The Mask of Fu Manchu is still entertaining, even if, for most viewers, it’s entertaining for all the wrong reasons. Unfortunately, it remains today what it always was: a pretty lousy movie.

But if you still get a kick, or even a small thrill, from Doctor. X, The Mystery of the Wax Museum, or The Vampire Bat, and you can overlook the painful stereotypes and clichés that make up the Yellow Peril subgenre, Rohmer’s criminal genius may be able to cast his spell on you.

Monday, April 1, 2013

The Stranglers of Bombay (1960)


Even buffs who are major Hammer enthusiasts don’t have much affection for The Stranglers of Bombay (1960). It’s not a horror picture, but Hammer produced many films that are outside the genre.  With just a slight nudge, it could be a horror movie.  Set in colonial India during the 1830s, the film is based, with the usual cinematic looseness, on the efforts of William Henry Sleeman, an officer with the East India Company, to discover and then eradicate the cult of thuggee.
The Sleeman substitute is Capt.

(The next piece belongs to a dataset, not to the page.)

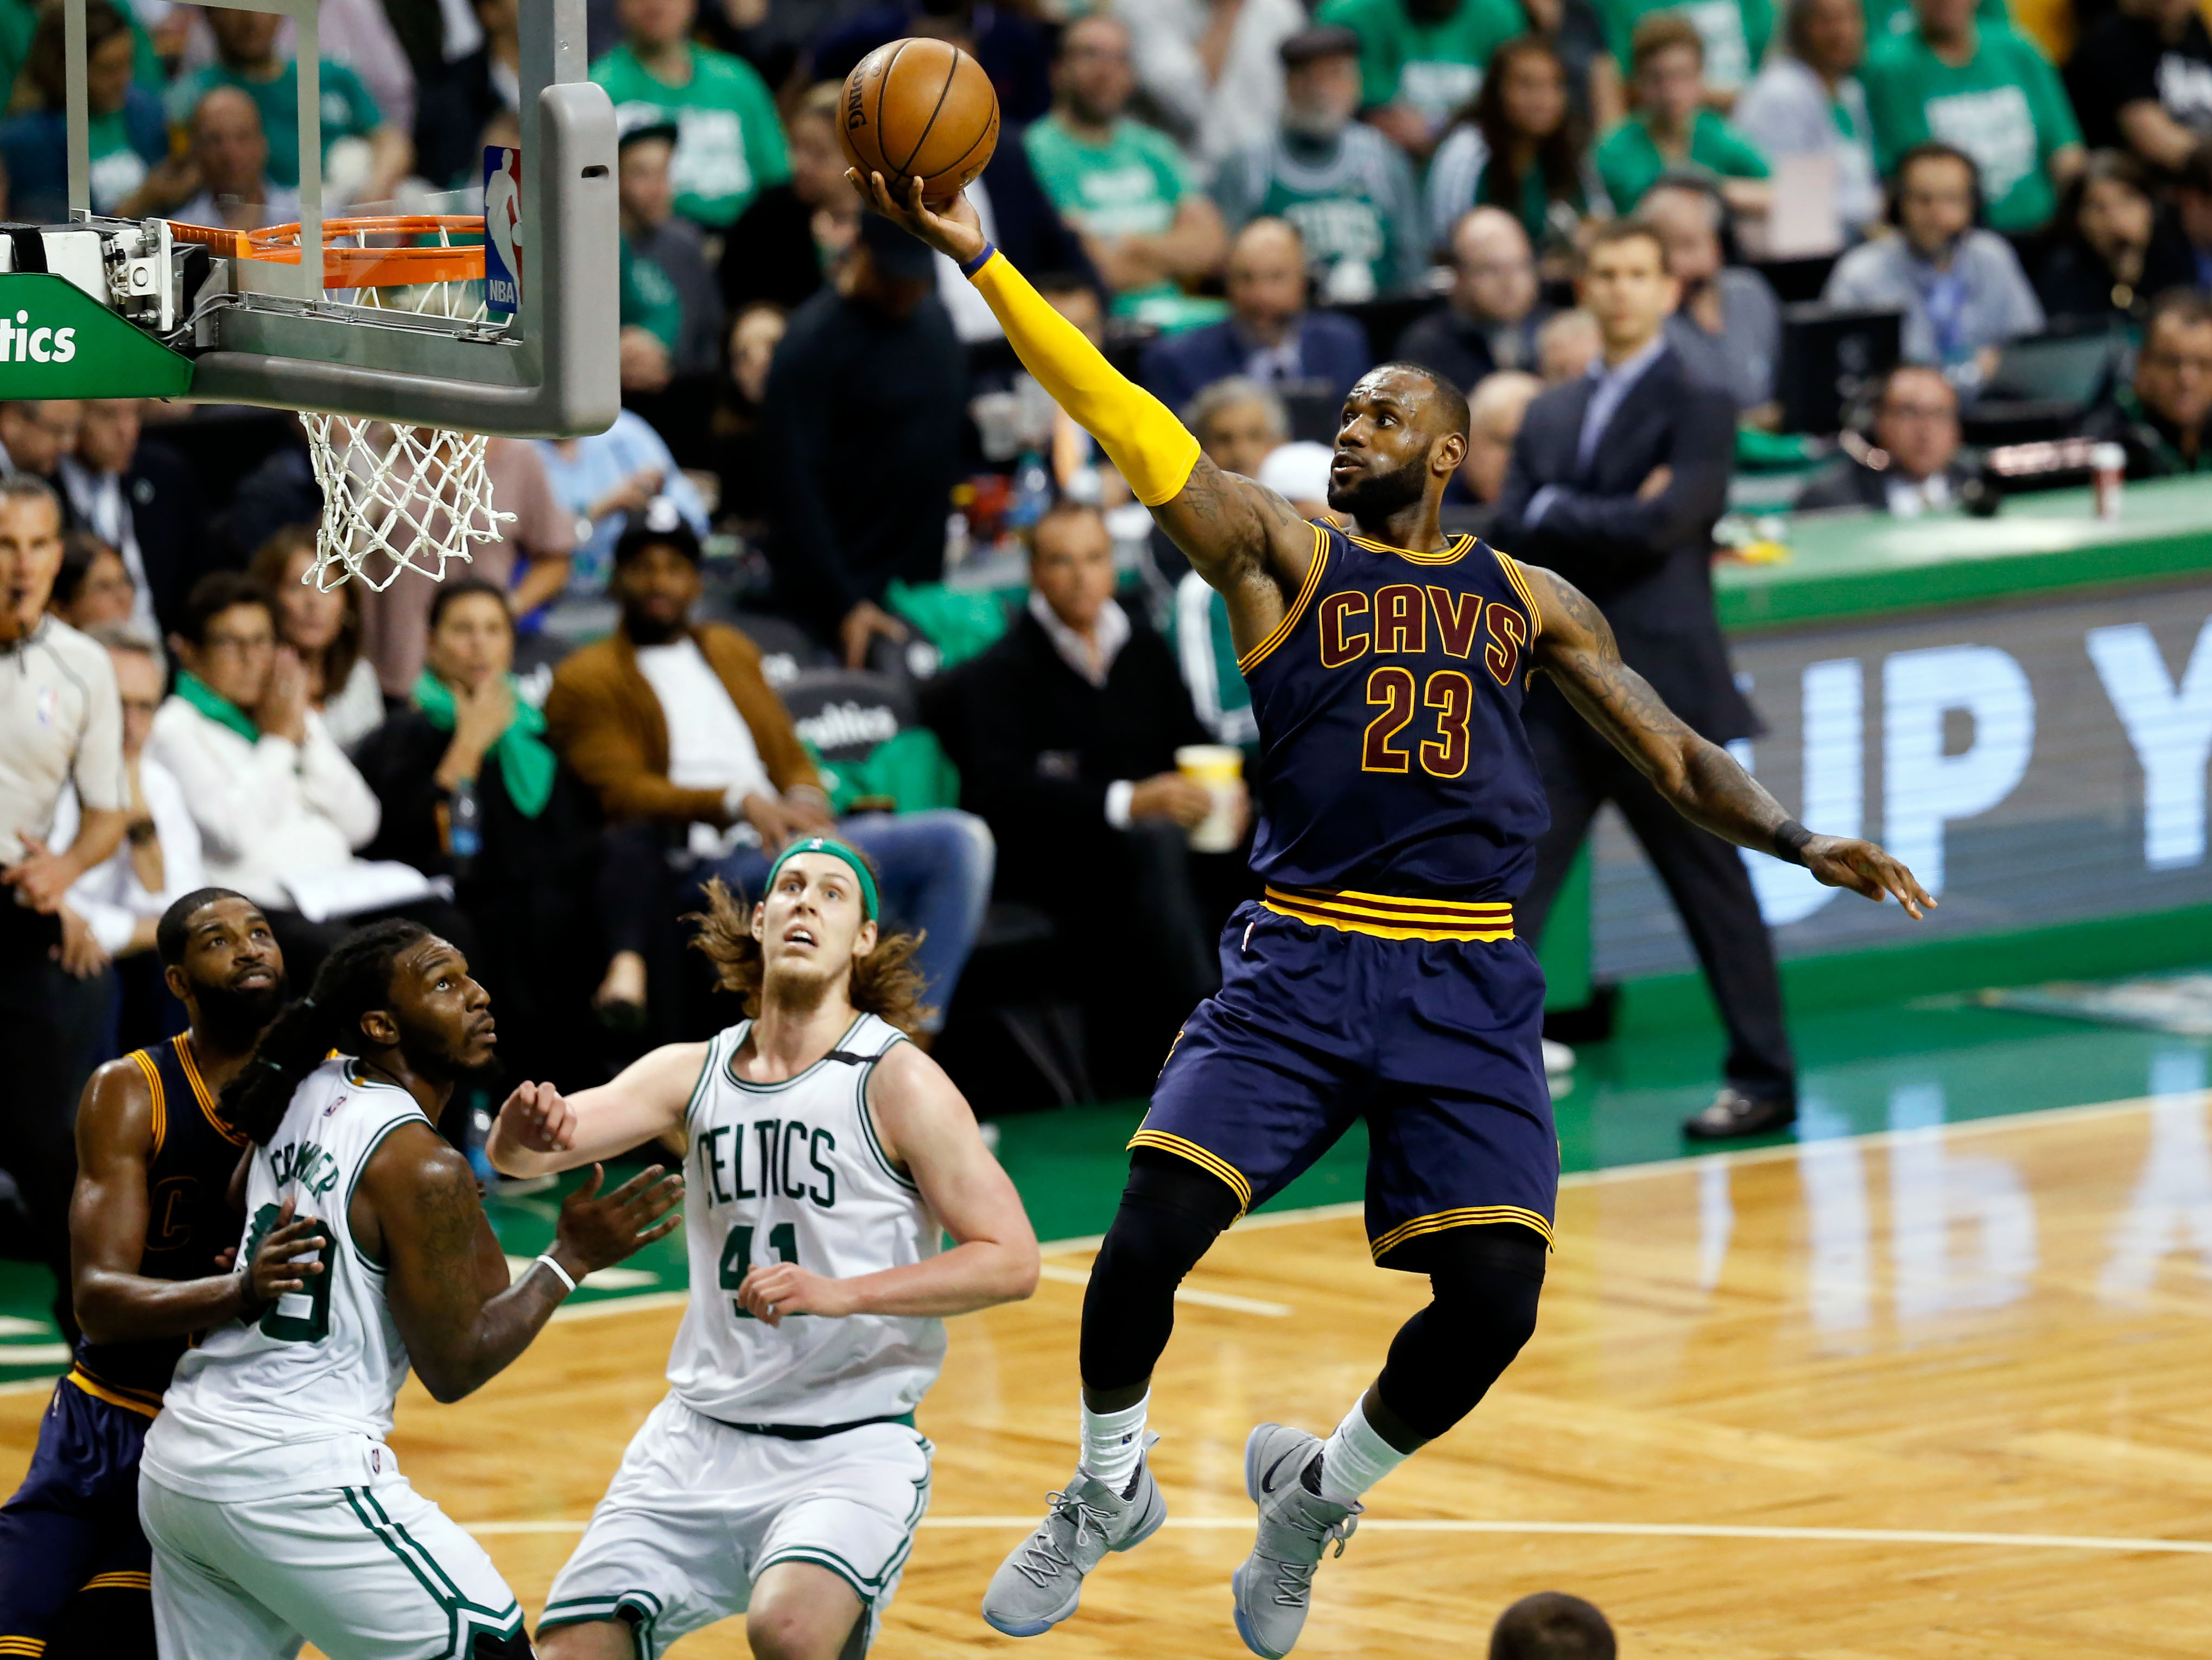 <p>Леброн Джеймс (на снимке справа). Фото: &copy;&nbsp;<span>Greg M. Cooper/USA TODAY Sports/REUTERS</span></p>

Harry Lewis, played by Guy Rolfe, one of those wonderful Brit actors who move from good films (Nicholas and Alexandra) to bad (Snow White and the Three Stooges) with the surety of a Slinky going downstairs.  His wife is the faithful and always understanding Mary (Jan Holden); his commanding officer the decent but too-frequently obtuse Col. Henderson (Andrew Cruickshank); and his rival in the company, the man chosen to investigate a history of mysterious disappearances, is Capt. Christopher Connaught-Smith (Allan Cuthbertson).
Representing the other team are the High Priest of Kali (George Pastell, who had been exotic and evil for Hammer the previous year as Mehemet Bey in The Mummy), and the oily Patel Shari (Marne Maitland, who would be demoted to the rank of Beggar in the following year’s The Terror of the Tongs).
Having used his own free time to investigate these disappearances for several years, Capt. Lewis suspects a cult of killers who ingratiate themselves in small numbers into merchants’ caravans along the road, then murder their victims with a silk cord, burying the remains off the highway. Capt. Connaught-Smith doesn’t believe that a conspiracy of that magnitude could exist, ignores Lewis’ report, and puts himself and, by extension, the entire empire at risk. In an attempt to rescue the stubborn soldier, Lewis himself would face death but for the marginally motivated help of a thug who decides to make amends for his past crimes.
The movie clocks in at a swift 81 minutes, and very little of that time is spent in back story or explanation. Either the audience was expected to know about the cult of Kali, or director Terence Fisher and writer David Goodman assumed that everyone knew Orientals were capable of the most insane horrors and no time needed to be spent pointing that out.
And yet, for all its captures and escapes, the film builds very little sense of urgency. We keep expecting a grand confrontation between an army of thugs and an army of Army, but it never happens. Even the final combat between Lewis and the High Priest is over in a snap. One of the villains gets tossed onto a burning funeral pyre, and he just screams once then lies there. At this last moment, Fisher makes no attempt whatever to disguise the fact that he’s working with a relatively small cast for an historical epic.
But the picture is fun and a sly reminder that movies made essentially for kids can get away with almost anything. Even very little.